The department stated the Heathercliff location would be a pilot and Pierson suggested Oct. 1, to come back to the item to explore other options. Council voted 5-3 to bring back the item.
“I think this is the best of the options that are available to us,” Mayor Paul Grisanti said. “I’m very much in favor of going ahead with this and I think we should give it a chance to succeed.”
Parks & Recreation Commission Appointee
On the March. 14 City Council meeting, Pierson was sceduled to make his appointee to the Parks and Recreation Commission. He motioned to move the item to the March 28 meeting and during that meeting, Pierson announced his decision to remove Georgia Goldfarb and announced his new appointee Cayley Jenner.
During the Parks and Recreation Commission meeting on April. 19, Community Service Director Jesse Bobbett announced commissioner Judy Villablanca’s departure after six years on the commission.
In a phone interview with Villablanca on Wednesday April 27, she said she decided to step down and give the position to Goldfarb. Pierson stated he has been trying to get in contact with Goldfarb but said she has been unresponsive.
Goldfarb has been attending the City Council meetings and speaking during the public comments, asking to remain on the commission.
In an email to The Malibu Times, Goldfarb was asked if she has tried to get in contact with Pierson.
“He left a message for me on 3.7 (March 7) to discuss something – I do not know what he wished to discuss – if I wished to,” Goldfarb said in the email.
During the City Council meeting on Monday. April, 25, Mayor Pro Tem Bruce Silverstein appointed Goldfarb to take the place of long-time commissioner Villablanca on the commission.
The next Park & Rec meeting will be held on May 17, in person at the Malibu City Hall Multipurpose Room.
Residents raised concerns on the council’s decision to return to in-person meetings on May 9, however, council is in favor of returning to in-person for the May 9 meeting and still provide participants the ability to join virtually.
City Clerk Kelsey Pettijohn said if the council is considering making the May 9 meeting hybrid, they would need time to develop new language in the agenda and provide the public with a notice in advance about the change. Interim City Manager Steve McClary said the shortage of staff has been an issue, and said they would need to add one more tech staff member to function meetings.

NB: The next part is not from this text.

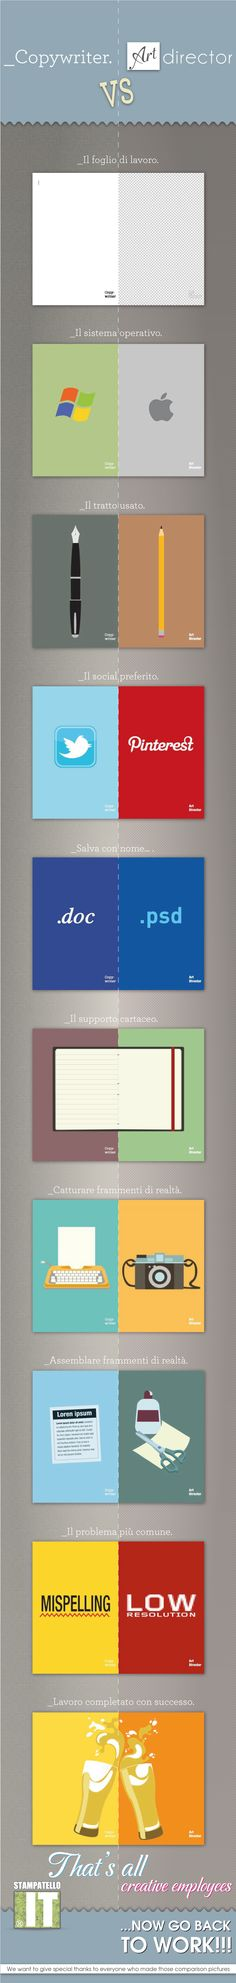 Copy-vs-art  bellissima infografica!    Muy buena gráficamente pero muy estúpida conceptualmente.
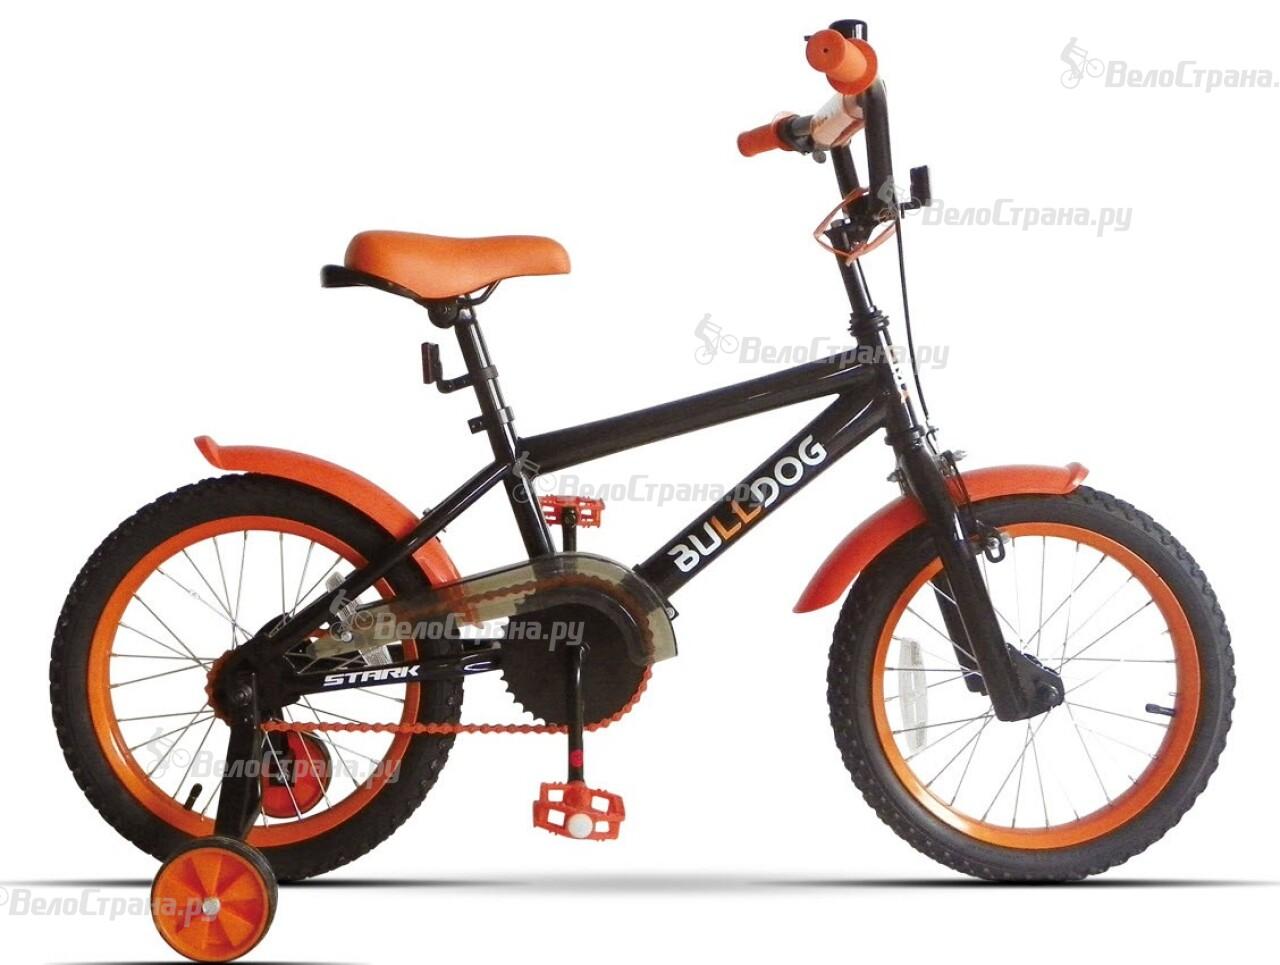 Велосипед Stark Bulldog 16 (2016) stark outpost 16 2016 blue orange

Grisanti suggests starting meetings earlier and keeping council member comments shorter to prevent meetings from ending late.
Council voted to return back to virtual meetings after the May 9 meeting due to COVID-19 concerns and convenience. Council is also continuing to monitor the pandemic. The meetings will still be published on the youtube channel.
To watch the City Council meeting and read the agenda, visit malibucity.org/virtualmeetings.
The story has been updated from what was printed to include further information.